Geology and lithology maps were downloaded from the Washington Department of Natural Resources at a 1:100,000 scale and from the USGS (Wilson et al., 2015). These maps were consolidated into six broad categories that represent soil Parent Material (PM) and time since soil inception: Glacial Till and Drift, Glacial Outwash, Igneous, Metamorphic, Sedimentary, and Unconsolidated sediments.
Modeling approach
Linear Mixed Modeling
Two model types were used in the research to model SOC stock and SOC percent: a linear mixed effects model (LMM) and a quantile random forest (RFM).
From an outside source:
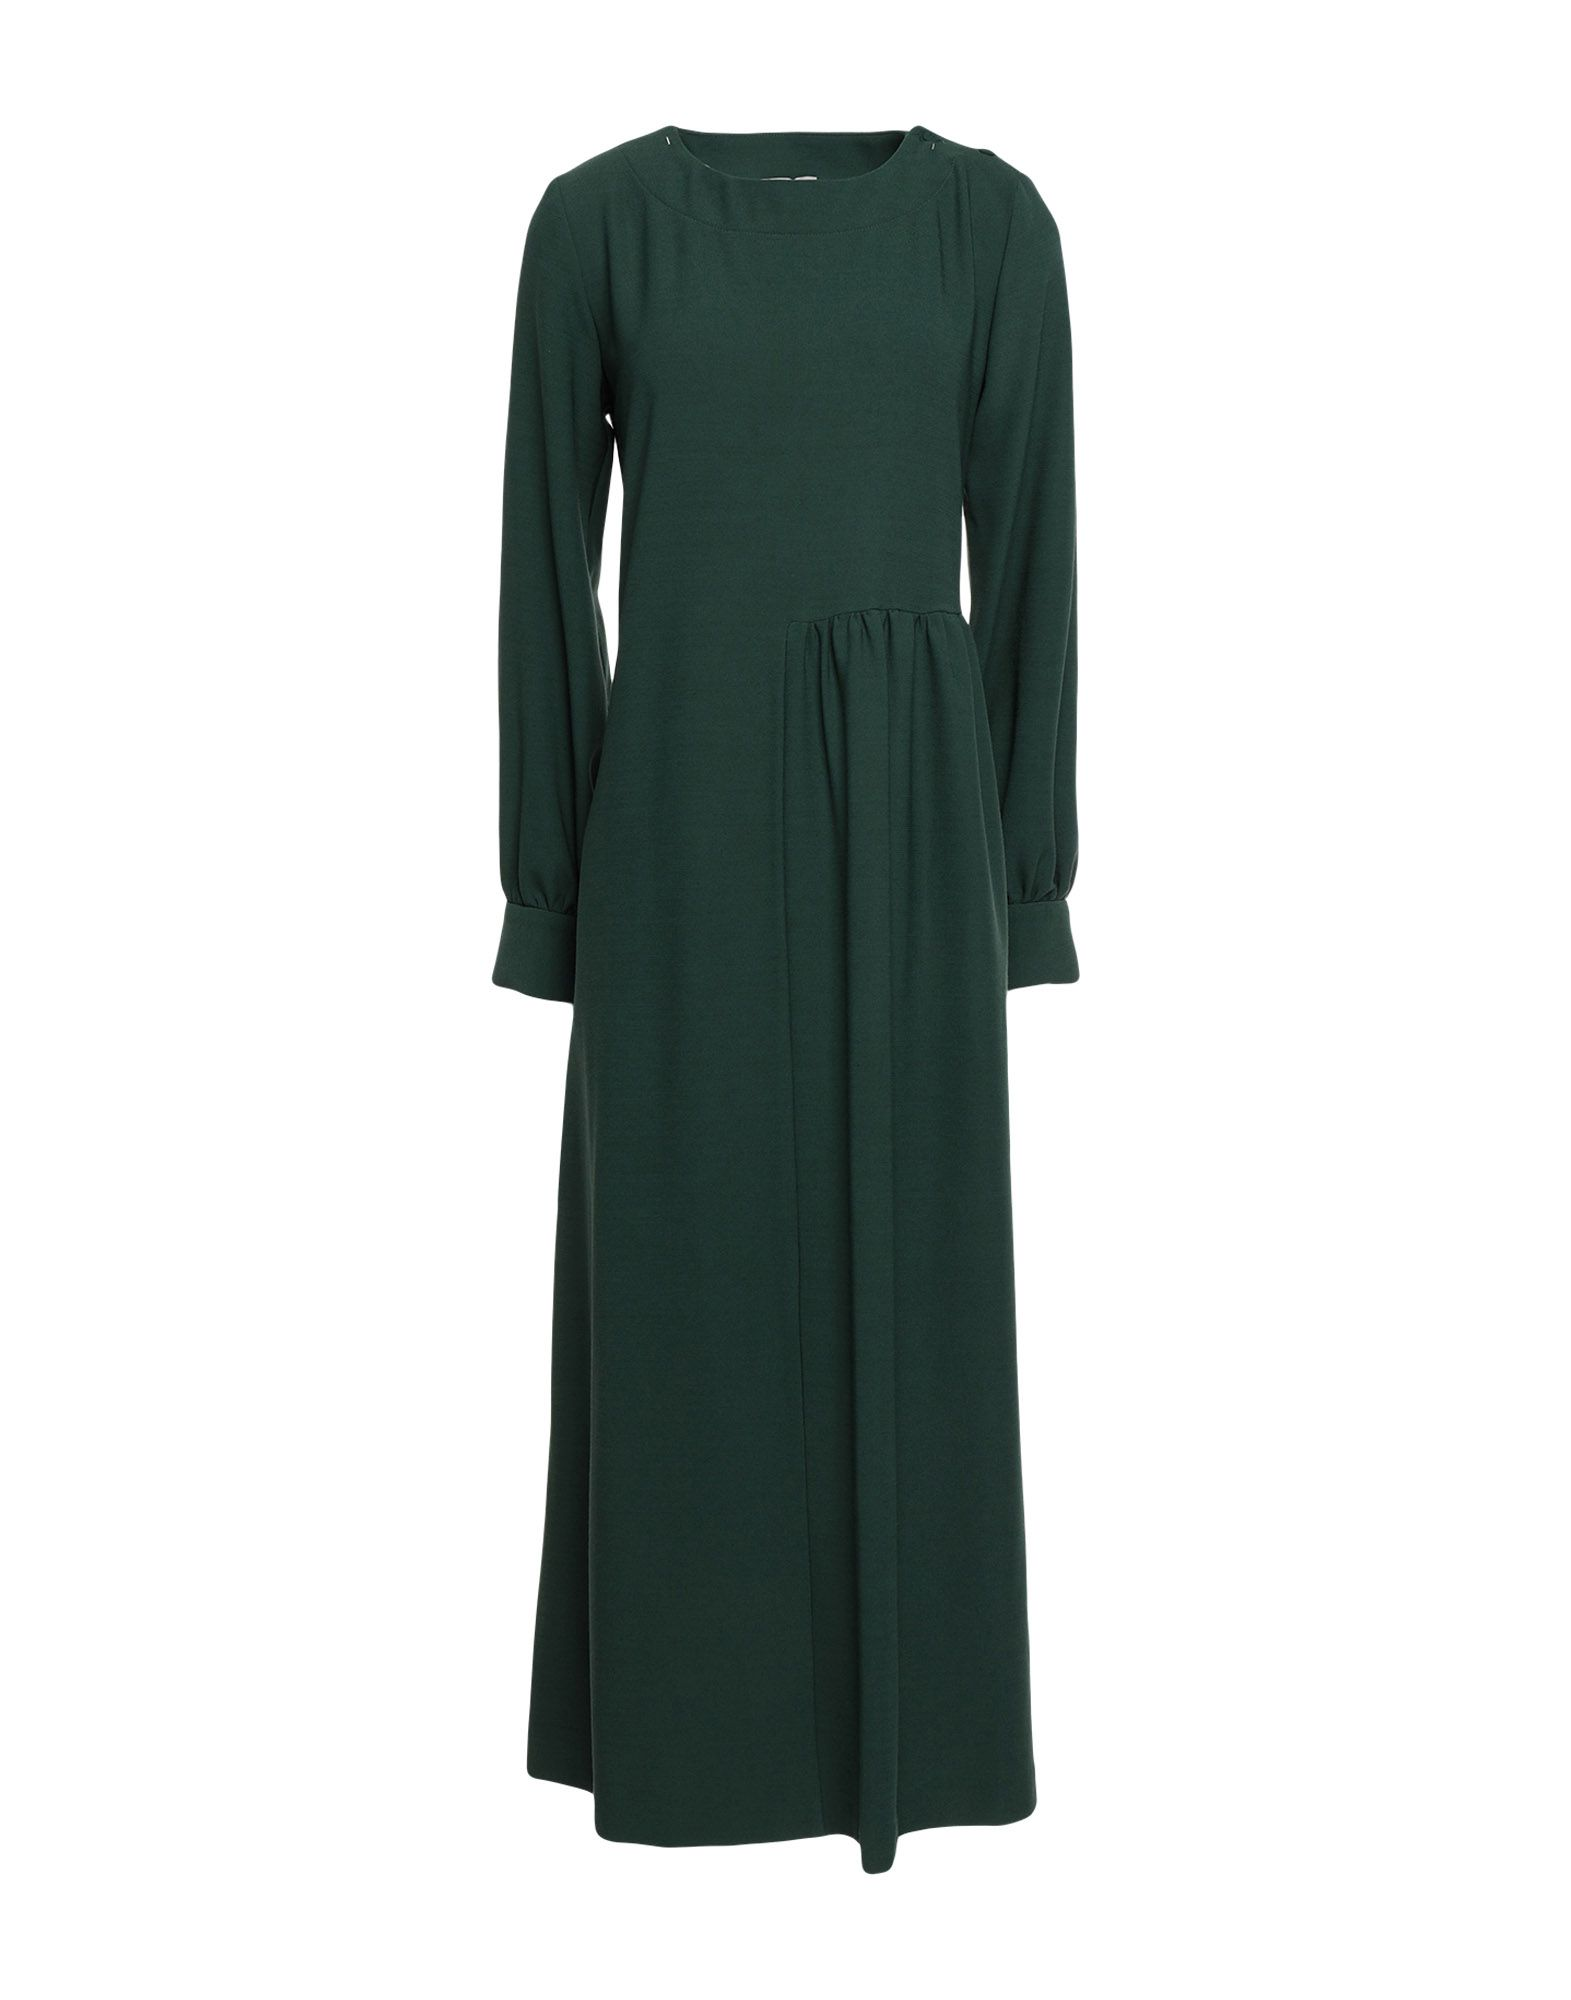 JUPE DE SATIN Платье длиной 3/4 jupe de satin длинное платье

An LMM approach was used to test specific hypotheses about important predictors and examine predictor coefficients. To compare models, both datasets for SOC stock and SOC % were split into training and testing datasets using a 85:15 ratio. The same training and testing datasets were used for all models to compare performance and accuracy. Models were also compared with and without the WIP predictor.
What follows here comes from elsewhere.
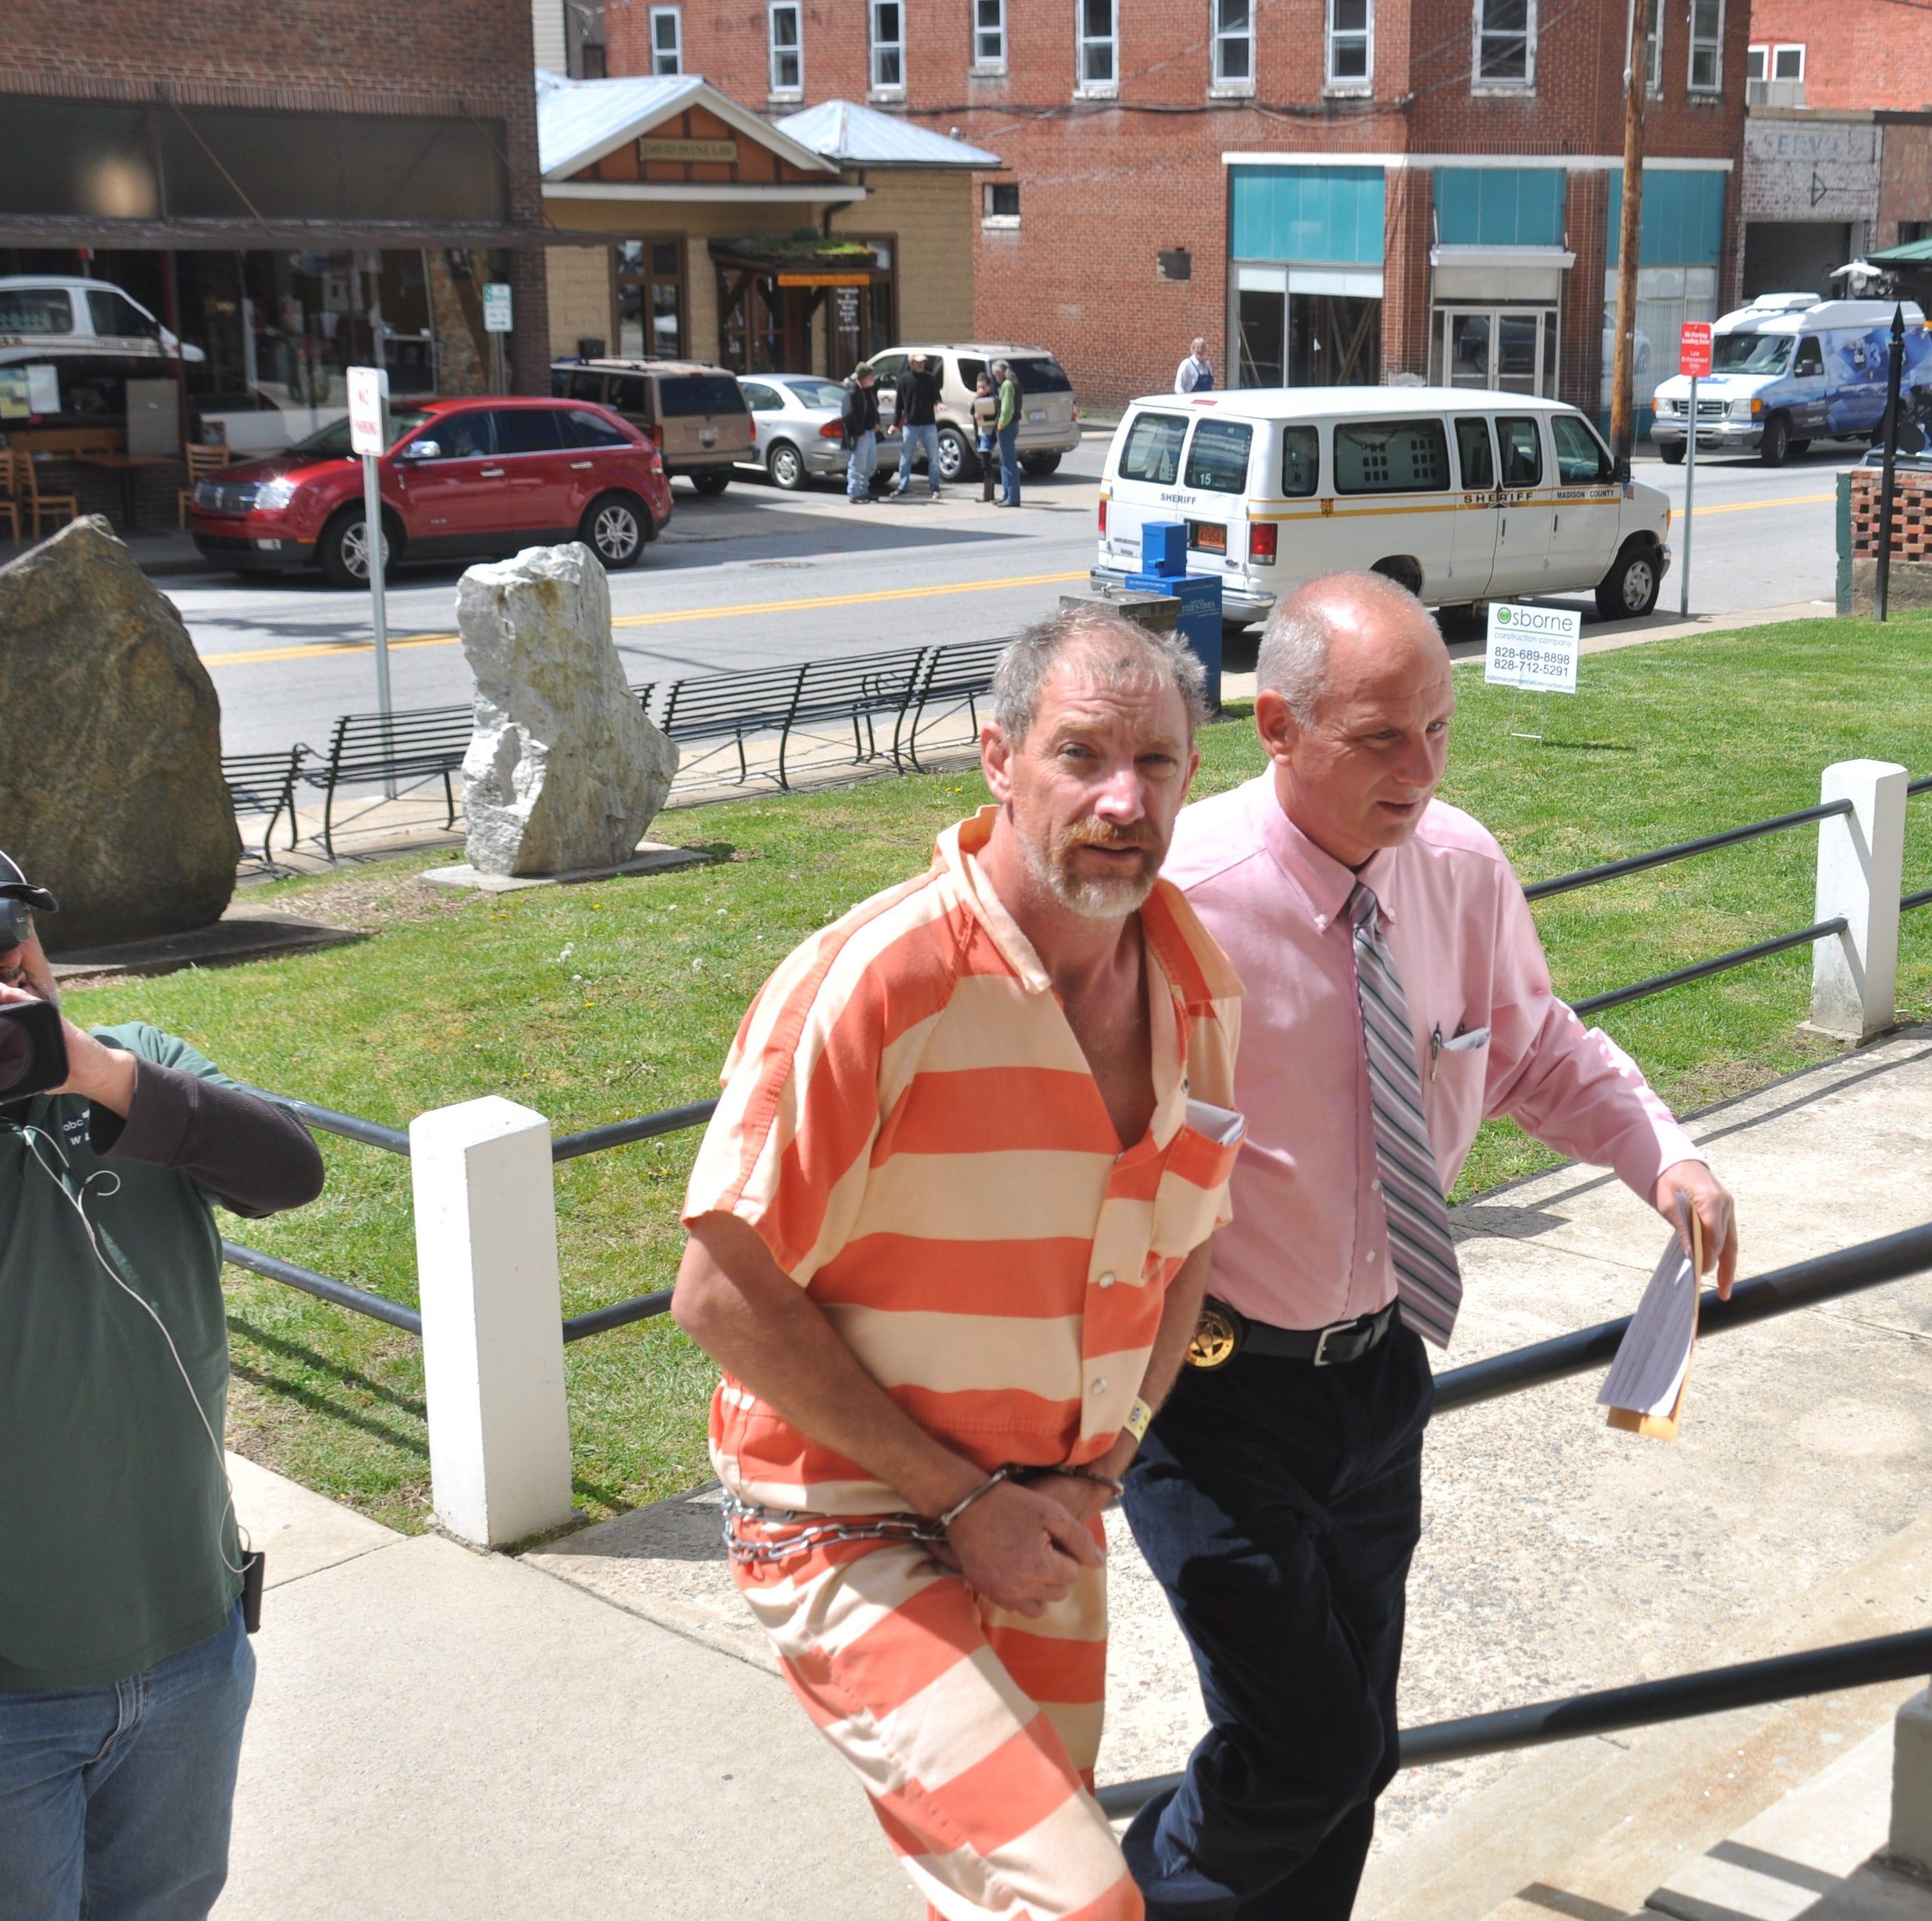 Shelton sentenced on 2016 murder charge

In the LMMs, the sample location was chosen as a random effect and sample depth was specified as a random slope within the sample location. Several models were chosen that represented a priori hypotheses with varying interactions between the predictors as well as eliminating predictors that were not significant down to a null model with no predictors. The final model was chosen using Akaike’s information criterion (AIC) and parsimony then evaluated for violations of homogeneity of variance and linearity. Although some observations deviated slightly from the homoscedasticity assumption, it was deemed that the model assumptions were sufficiently met and therefore used to evaluate drivers and predict SOC stock and SOC %.
All data used to build models of SOC stock and SOC % were centered and scaled if they were continuous predictors. Correlated variables were removed if they had an r >0.6. However, at this scale MAP and PET:MAP are highly correlated, so separate models were used to assess the strength between the two predictors in our mixed model selection. The initial model selection process using maximum likelihood showed that models using PET:MAP, instead of MAP, were better fits to the data according to AIC.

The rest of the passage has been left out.